According to her website, Manning revealed the following via WikiLeaks:


  • the Collateral Murder video that exposed the killing of unarmed civilians and two Reuters journalists by a US Apache helicopter crew in Iraq

  • the Afghan War Diary that revealed uninvestigated civilian casualties and contractor abuse

  • the Iraq War Logs that revealed civilian casualties, and uninvestigated reports of torture

  • the US diplomatic cables that revealed the role that corporate interests and spying play in international diplomacy

There is no evidence that anyone died as a result of Manning’s leaked information. For her actions revealing the U.S. government's crimes against humanity, Manning has been nominated for the Nobel Peace Prize three times—and sentenced to 35 years in prison.

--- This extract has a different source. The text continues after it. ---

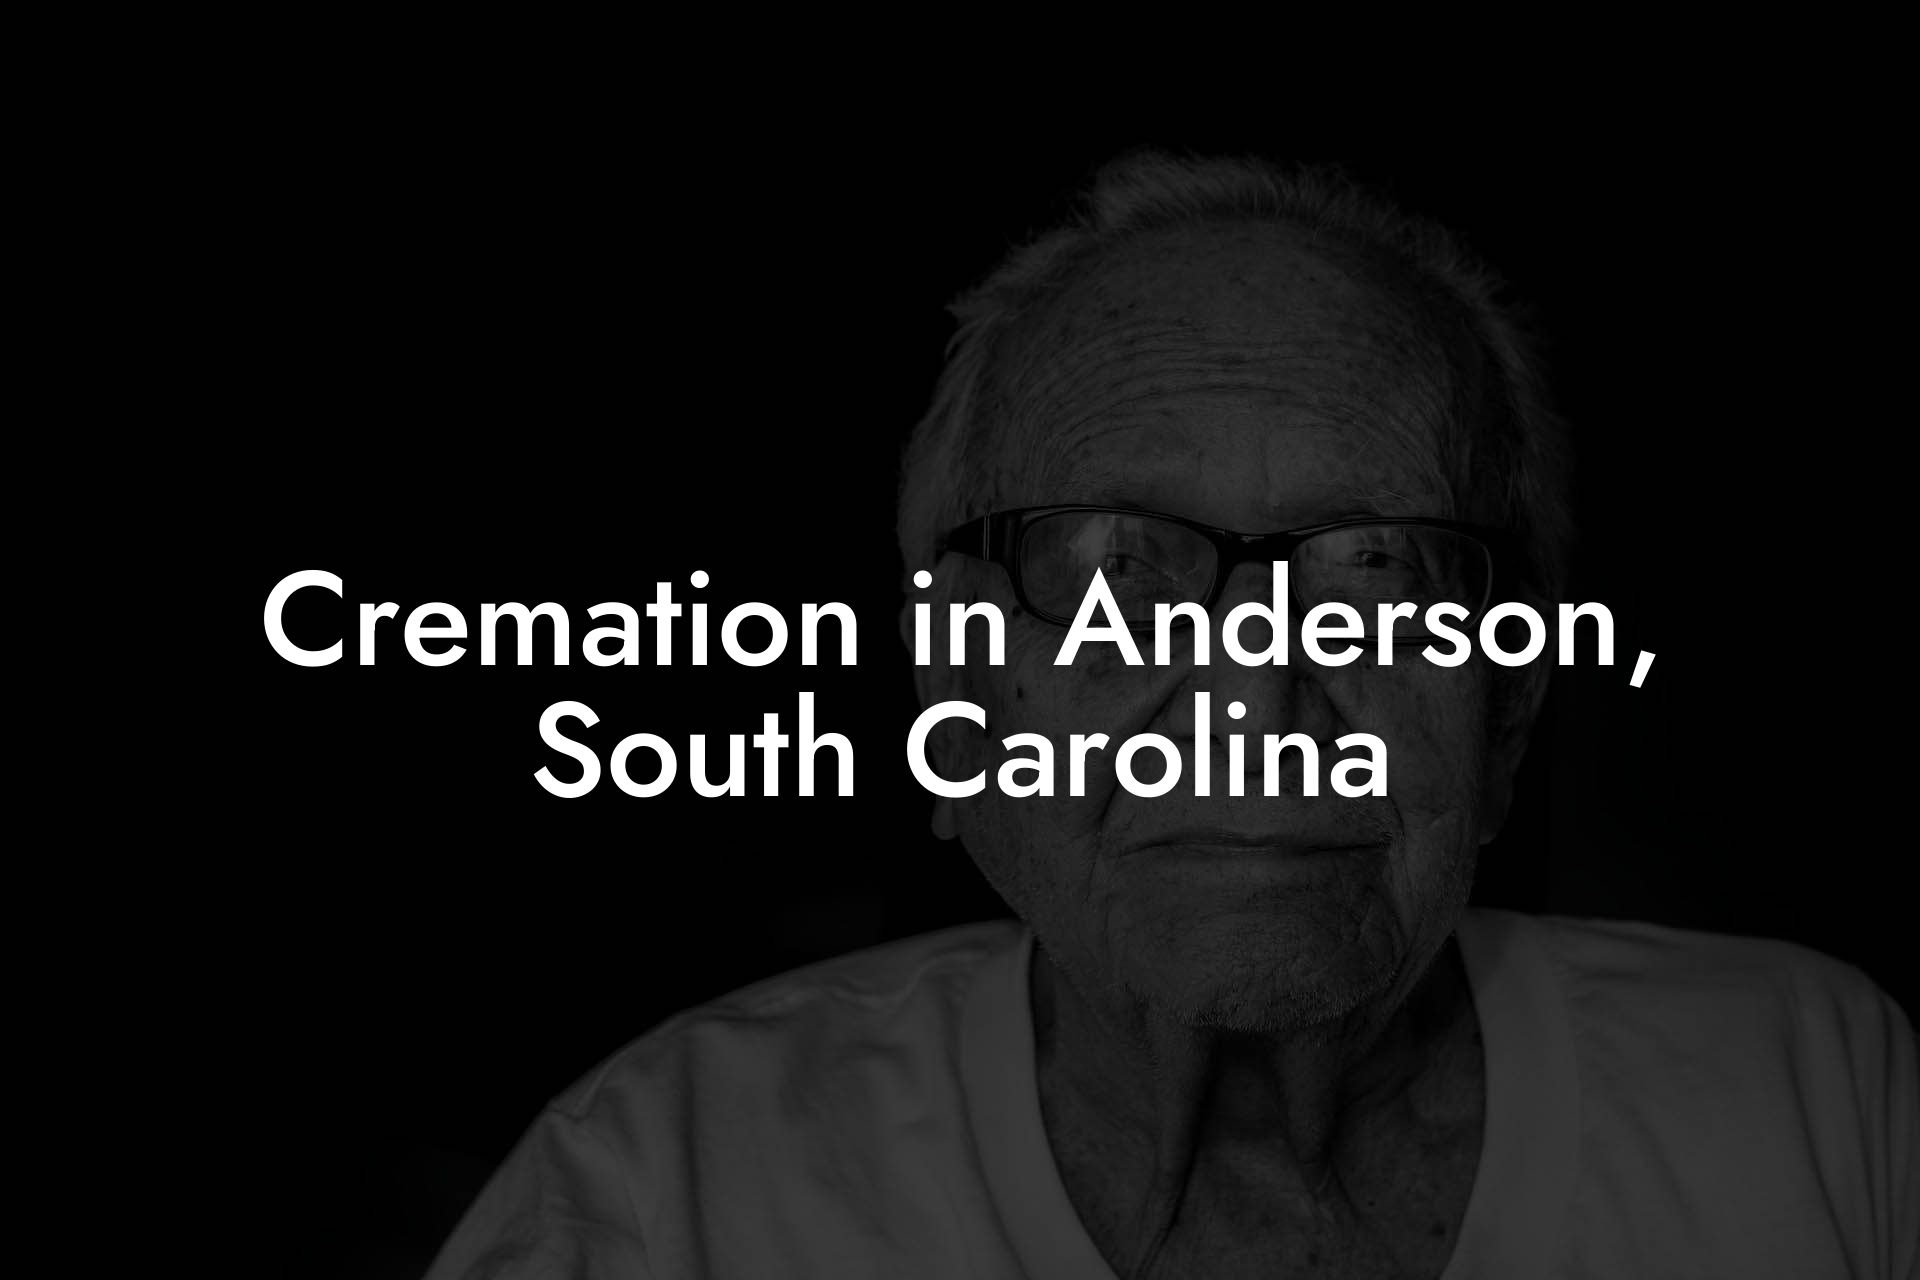 Cremation in Anderson, South Carolina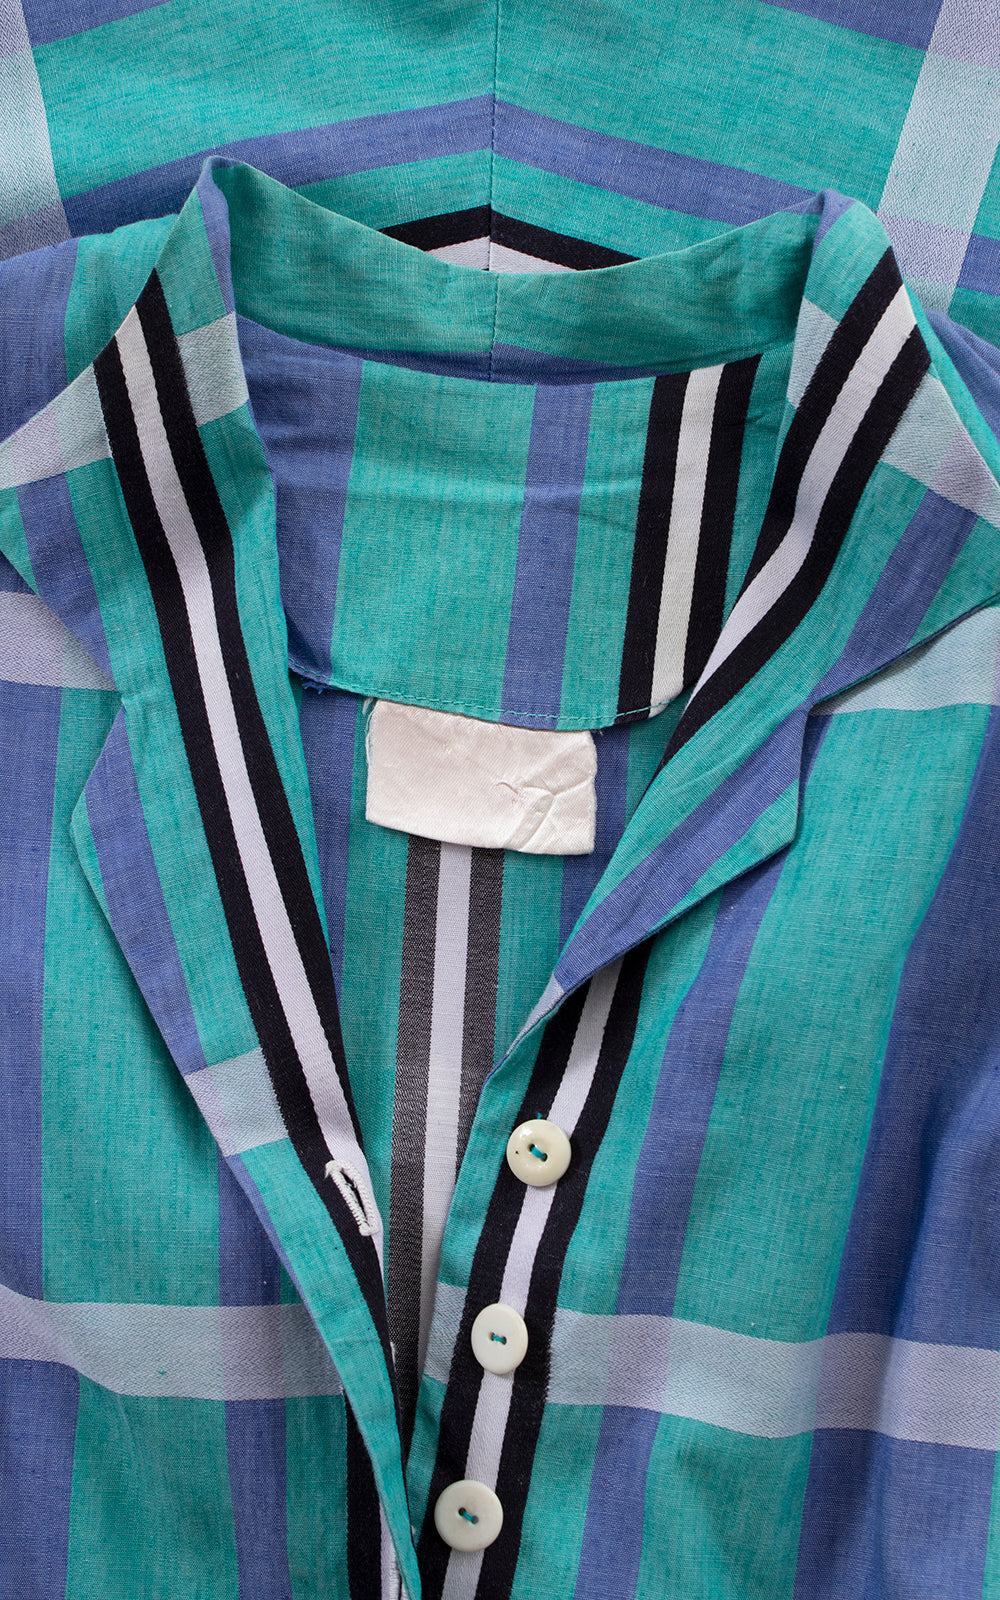 1940s 1950s Plaid Cotton Shirtwaist Dress with Pocket | large

And Manning’s abuse began even before her trial or sentencing. Though soldiers are promised fair treatment and a speedy trial under the Uniform Code of Military Justice, PVT Manning was arrested in 2010 and “waited in pre-trial confinement for over three years before her trial finally began.” According to Manning’s website:


Additionally, during the first 10 months of her incarceration she was subjected to solitary confinement at the Quantico, Virginia, Marine Corps brig. During this time,  Manning was denied meaningful exercise, social interaction, sunlight, and on a number of occasions was forced to stay completely naked. Pre-trial punishment is clearly illegal under US military law, and these extreme conditions were unique to Manning. In March 2011, chief US State Department spokesperson PJ Crowley called Manning’s treatment “ridiculous and counterproductive and stupid.” Following his immediate resignation, he has stated that the prosecution’s heavy-handed persecution of Manning has undermined the government’s credibility.

Manning’s treatment caused an investigation by the United Nations special rapporteur on torture, Juan Mendez. Mendez’s requests to visit Manning were repeatedly denied, and after 14 months of investigation, he issued a statement concluding Manning’s treatment was “cruel and inhuman.”